I've found the original paper (PhysRev.137.A1441) where Mermin introduced this functional. You can check the proof in the Appendix (If I'm not mistaken it was first proved by von Neumann).

To sum up the idea behind the proof is to define the operator ##\rho_{\lambda} = \frac {e^{H-\mu N + \lambda \Delta}} {\text{Tr}e^{H-\mu N + \lambda \Delta}}## with ##\Delta = -H + \mu N - \frac 1 {\beta} \log \rho##. You can see that because of ##\text{Tr} \rho =1## for ##\lambda = 1## I get ##\rho_1 = \rho## and for ##\lambda = 0## you get ##\rho = \rho_0## (the equilibrium value). You can then proceed to study the following relation ##\Omega[\rho] - \Omega[\rho_0] = \Omega[\rho_{\lambda = 1}] - \Omega[\rho_{\lambda = 0}] = \int_0^1 \frac {\partial \Omega[\rho_{\lambda}]} {\partial \lambda} d \lambda## and check that is always greater than zero and zero only if ##\lambda = 0## thus proving that ##\rho_0## minimizes the functional

## 1. What is the grand potential functional for density matrix?
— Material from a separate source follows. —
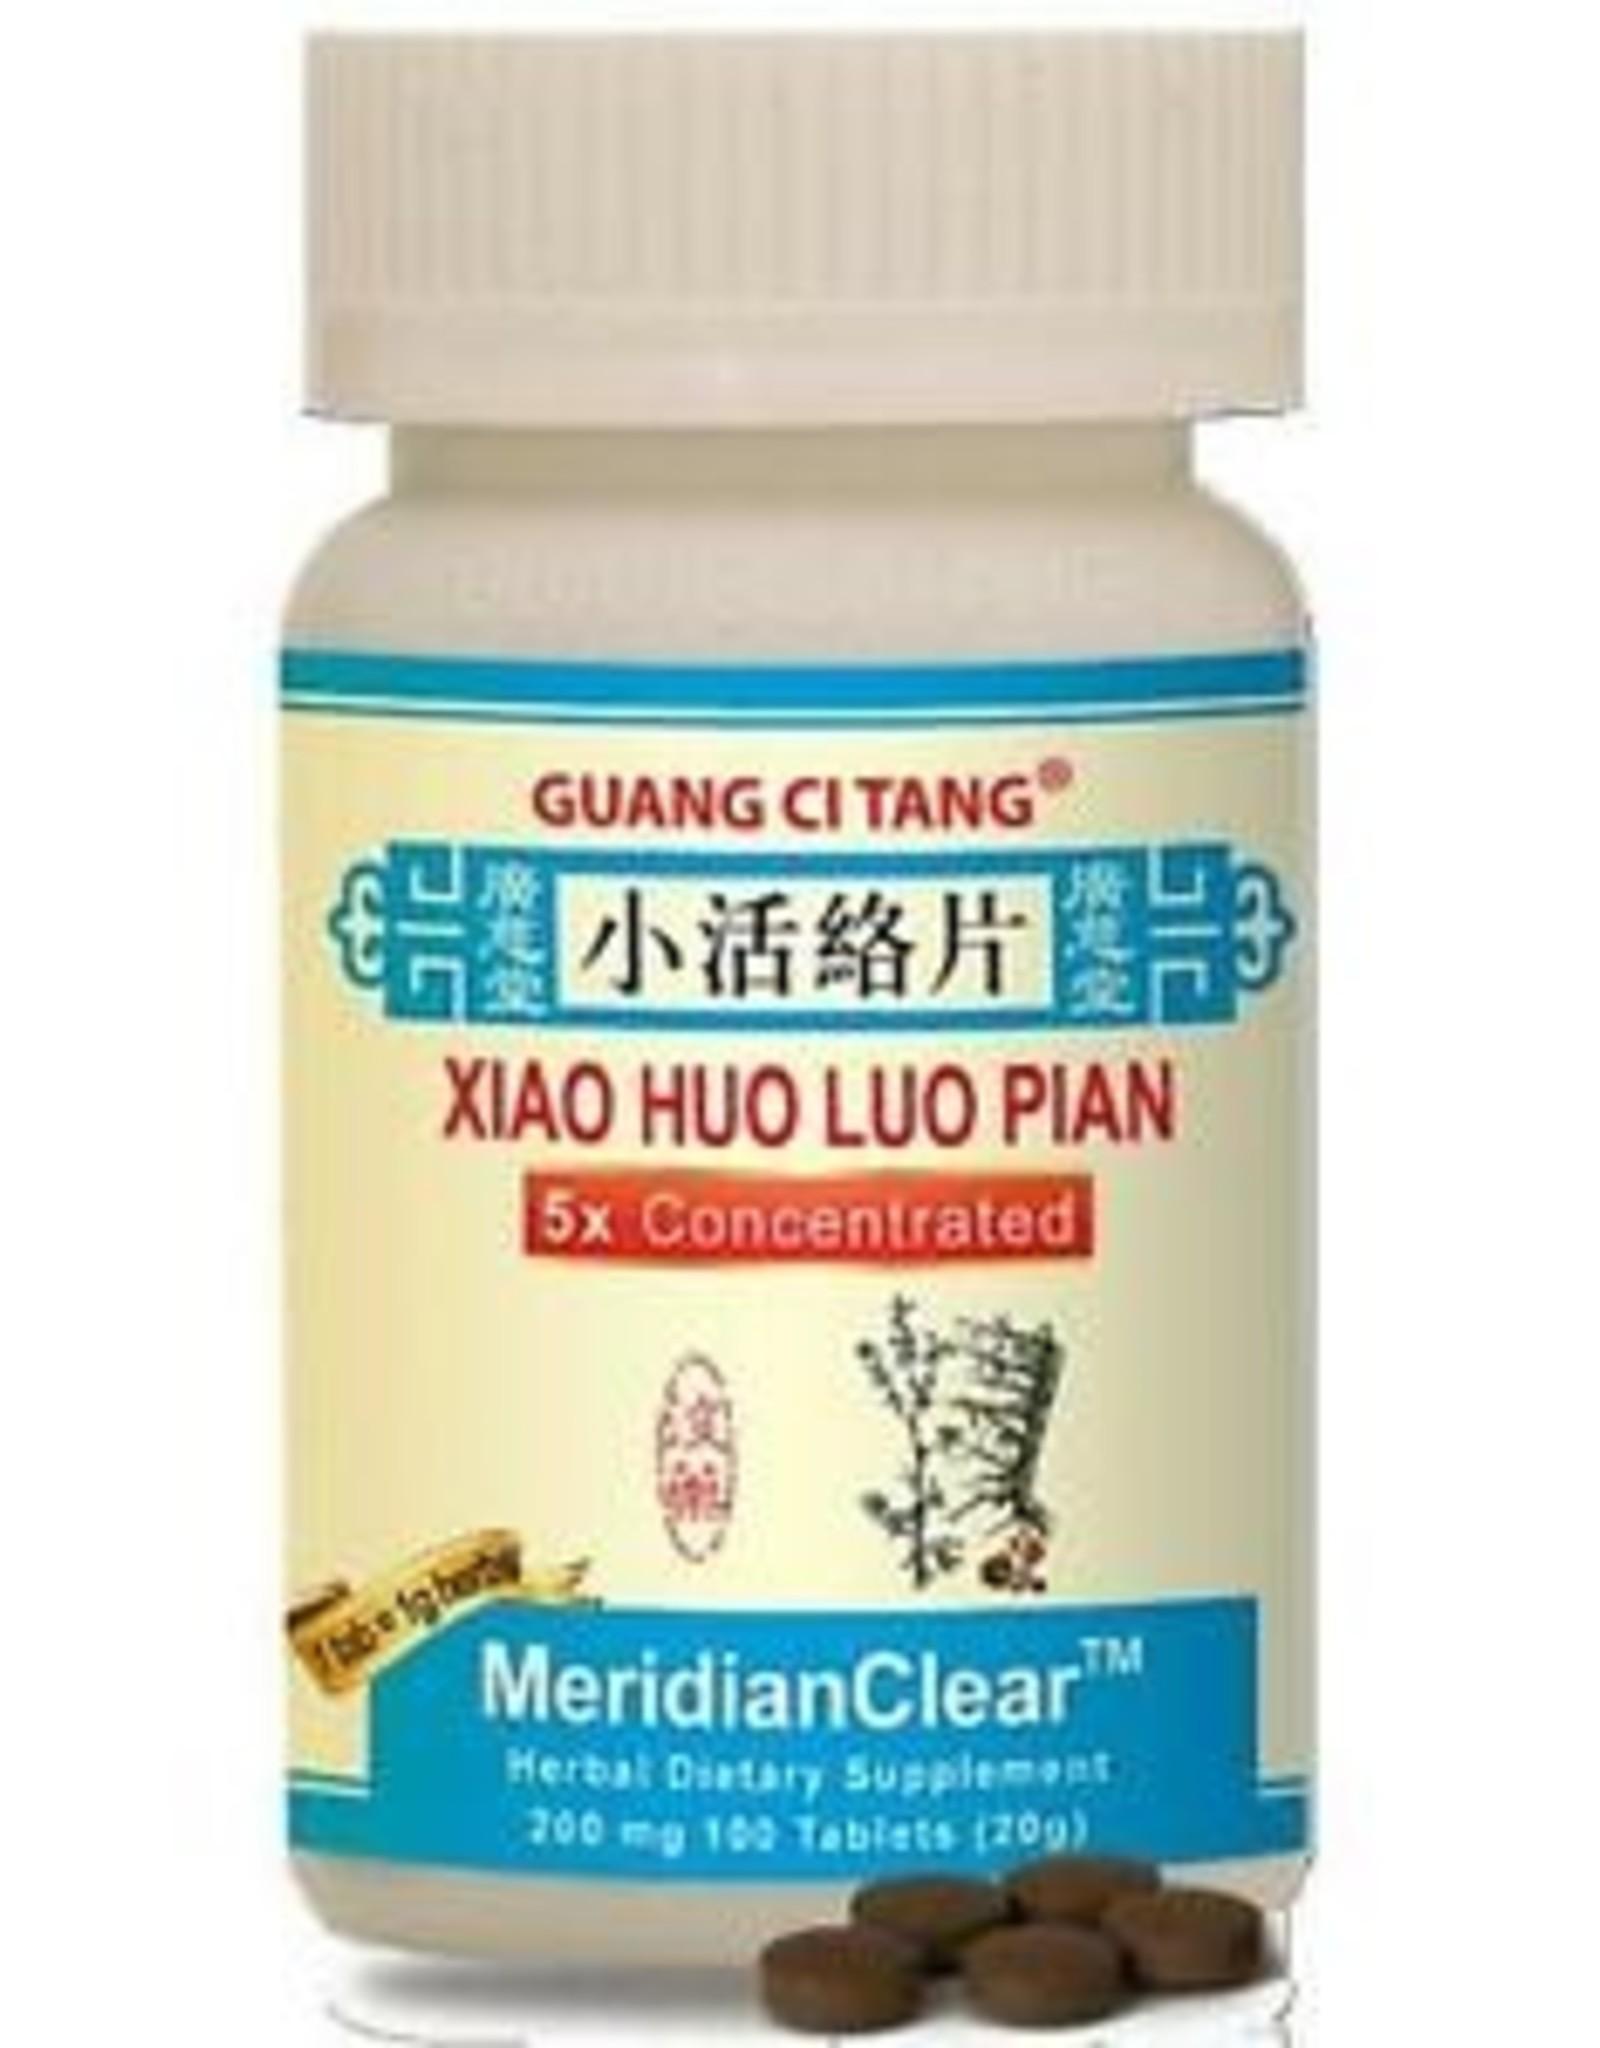 Guang Ci Tang MeridianClear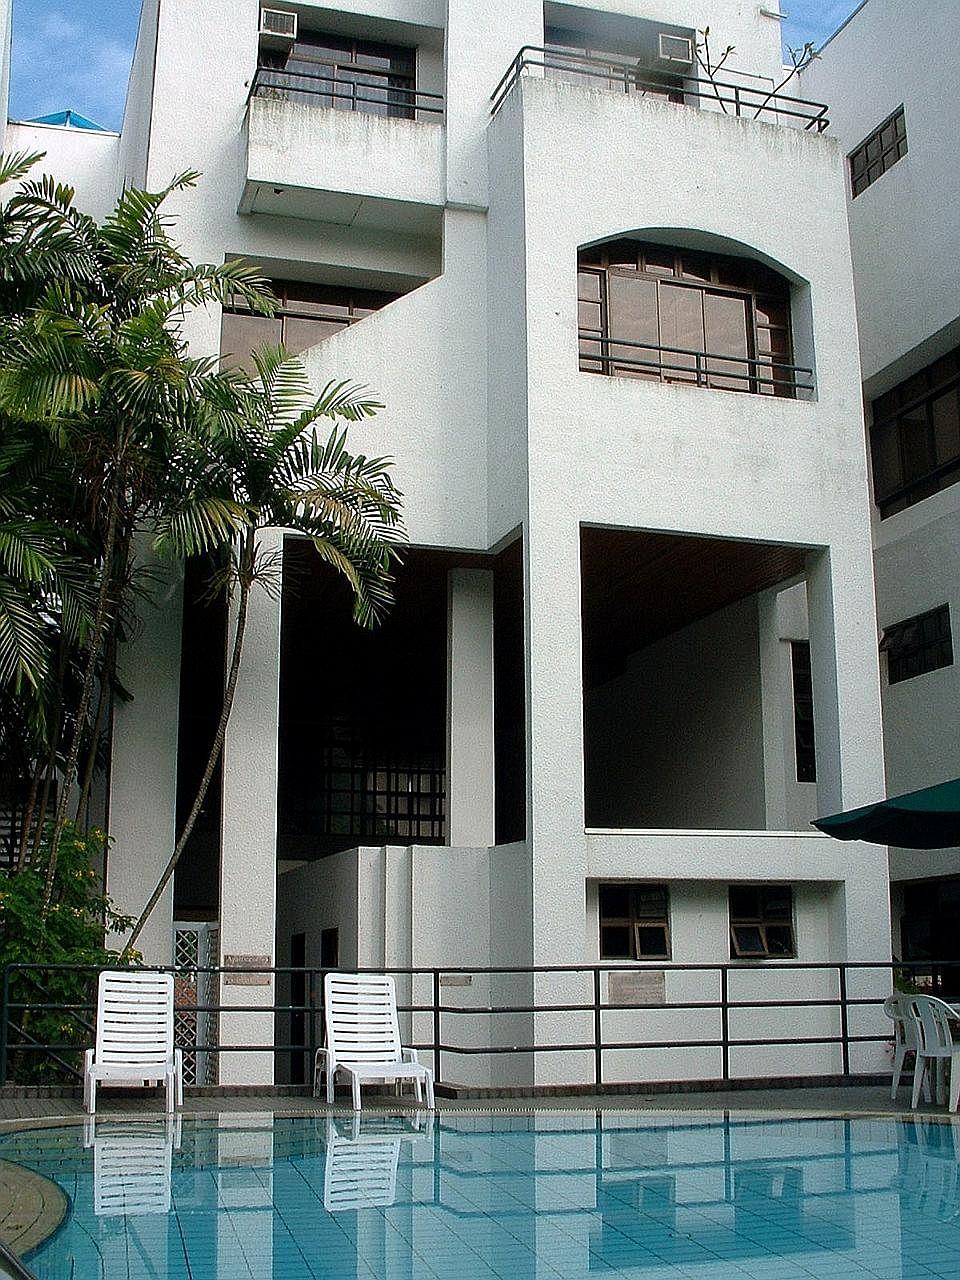 Casa Contendere, near Newton MRT, is a four-storey block with 11 maisonette units.

The grand potential functional for density matrix is a mathematical expression that describes the energy of a many-particle system in terms of its density matrix. It takes into account both the kinetic energy of the particles and their interactions.

## 2. What does it mean to minimize the grand potential functional?

Minimizing the grand potential functional means finding the set of parameters that results in the lowest possible value of the functional. In the context of density matrix, this means finding the density matrix that minimizes the energy of the system.

## 3. Why is minimizing the grand potential functional important?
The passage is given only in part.